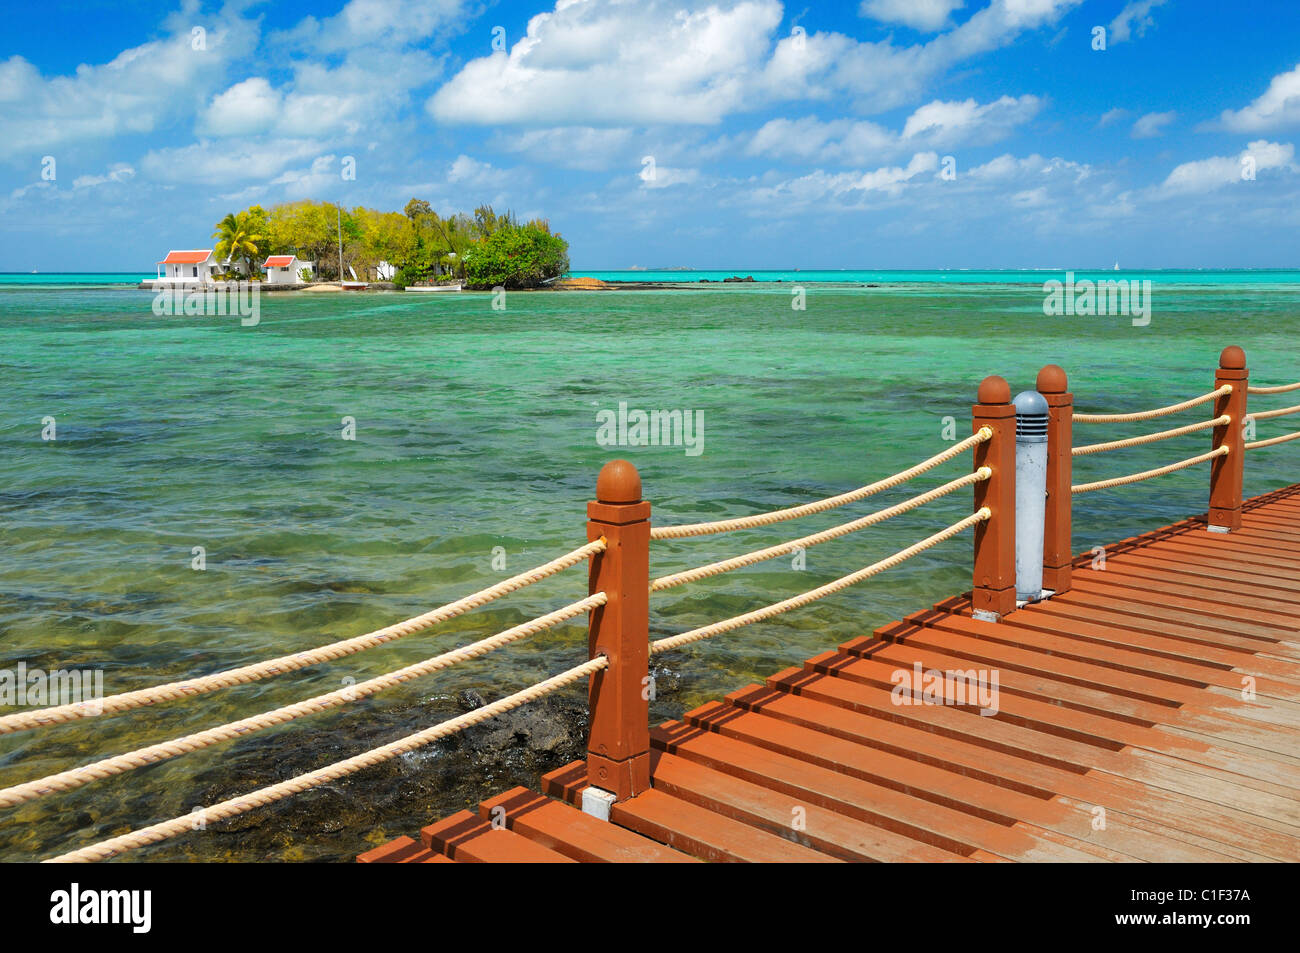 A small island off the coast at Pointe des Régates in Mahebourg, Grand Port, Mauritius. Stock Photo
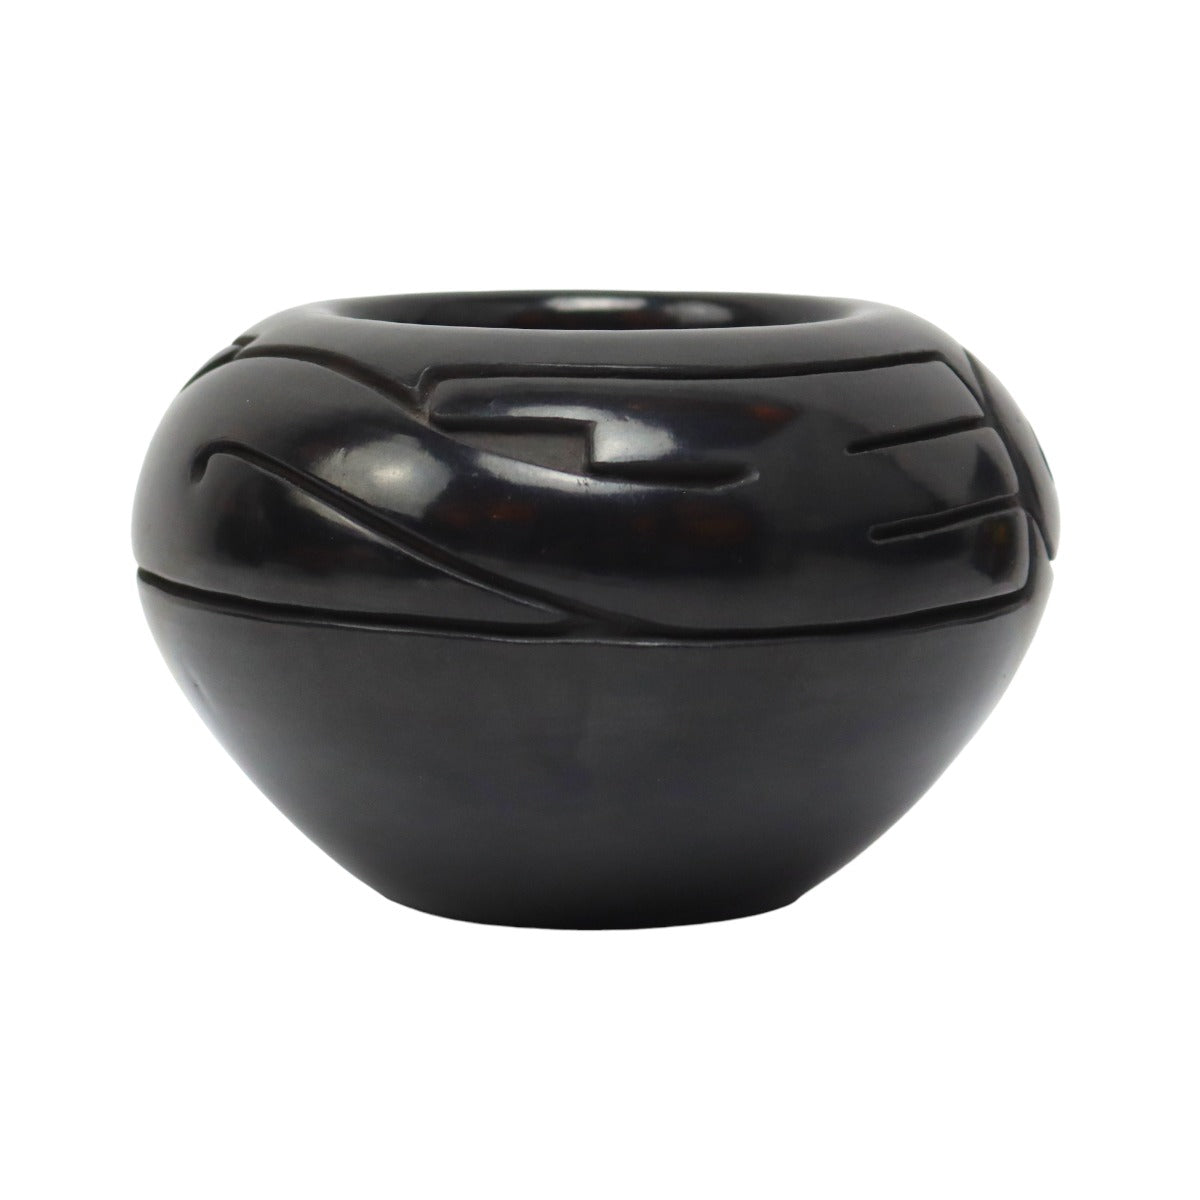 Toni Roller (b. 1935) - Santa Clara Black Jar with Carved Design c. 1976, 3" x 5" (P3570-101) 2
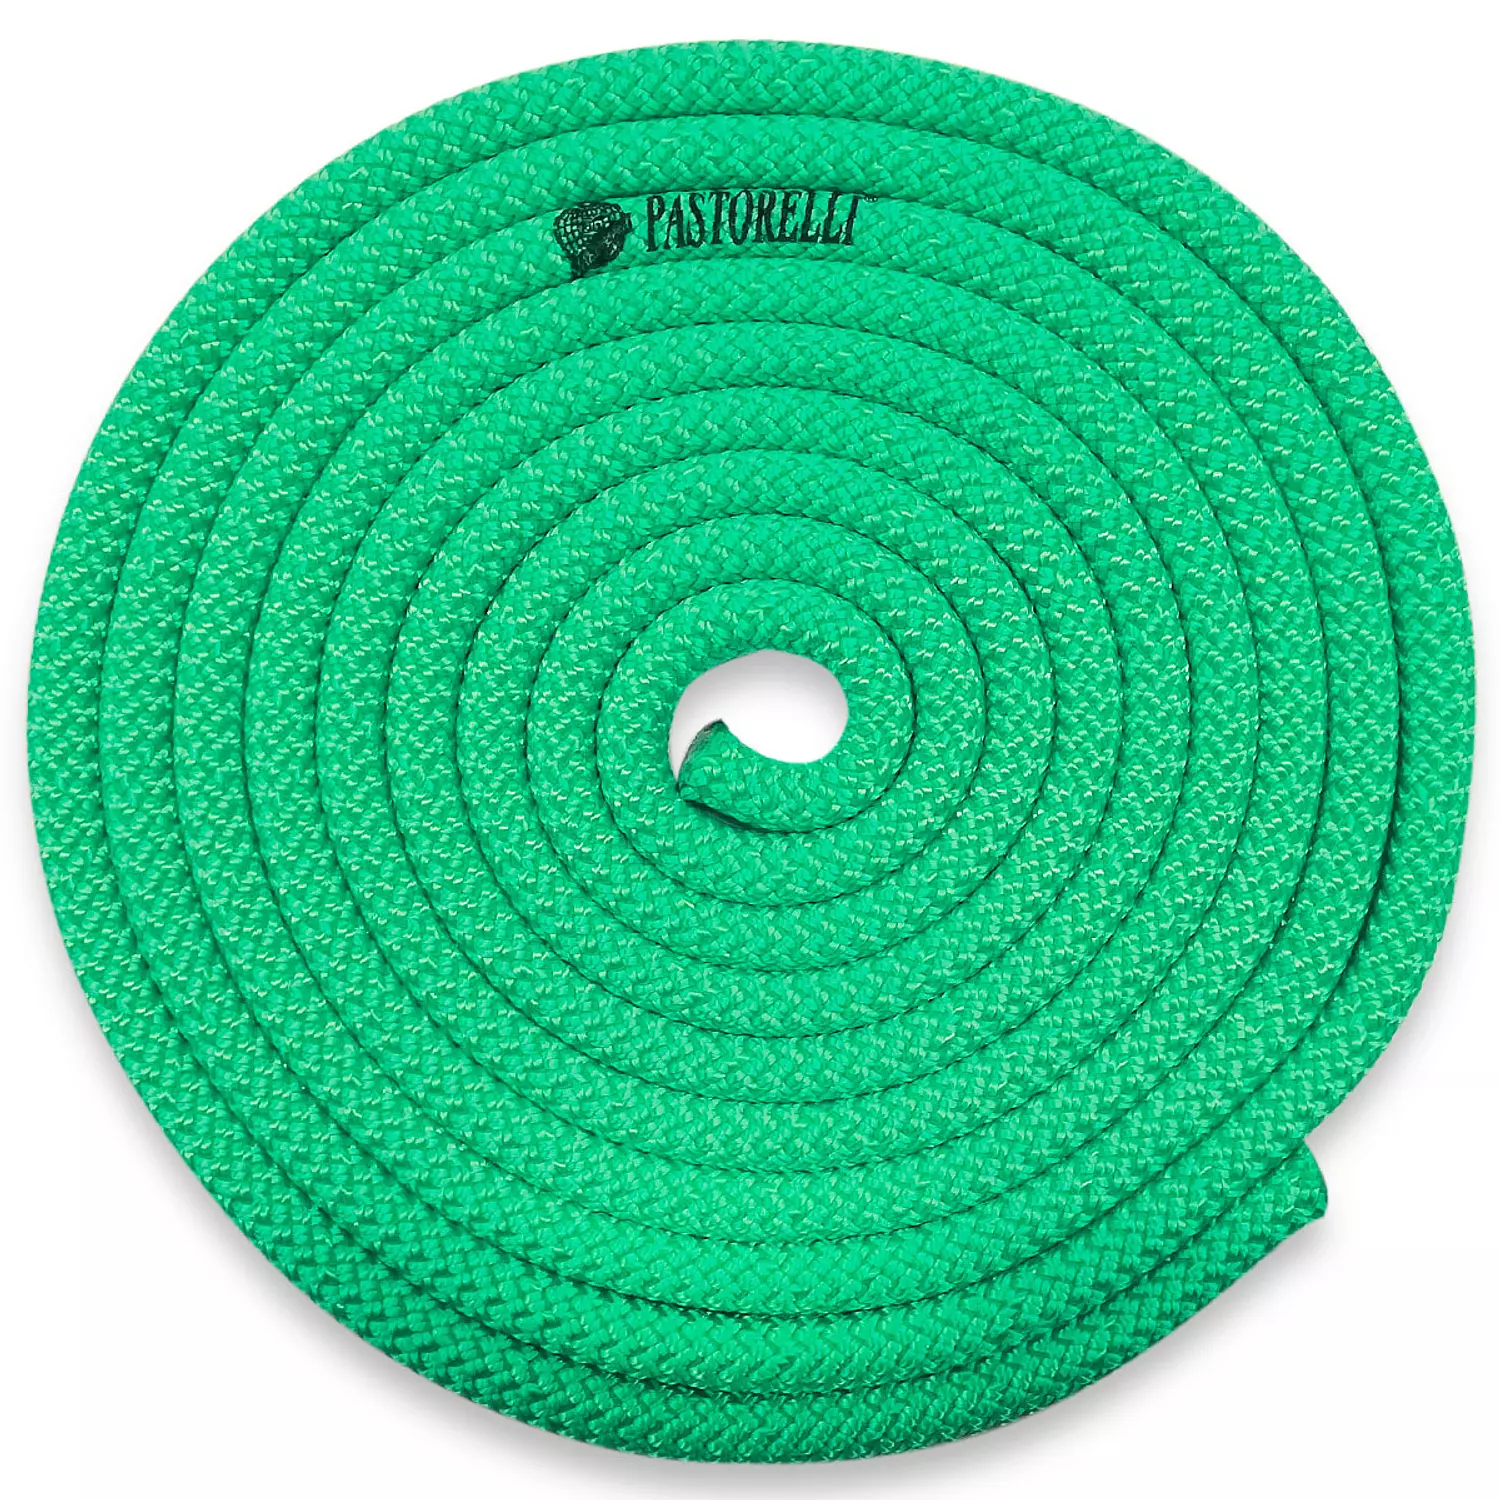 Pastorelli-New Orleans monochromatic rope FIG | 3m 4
..............................
_EXERCISE AIM_
The whole listing must be restated word for word. Leave out any pictures.

_YOUR SOLUTION_
 A small island off the coast at Pointe des Régates in Mahebourg, Grand Port, Mauritius. Stock Photo
 Toni Roller (b. 1935) - Santa Clara Black Jar with Carved Design c. 1976, 3" x 5" (P3570-101) 2
 Pastorelli-New Orleans monochromatic rope FIG | 3m 4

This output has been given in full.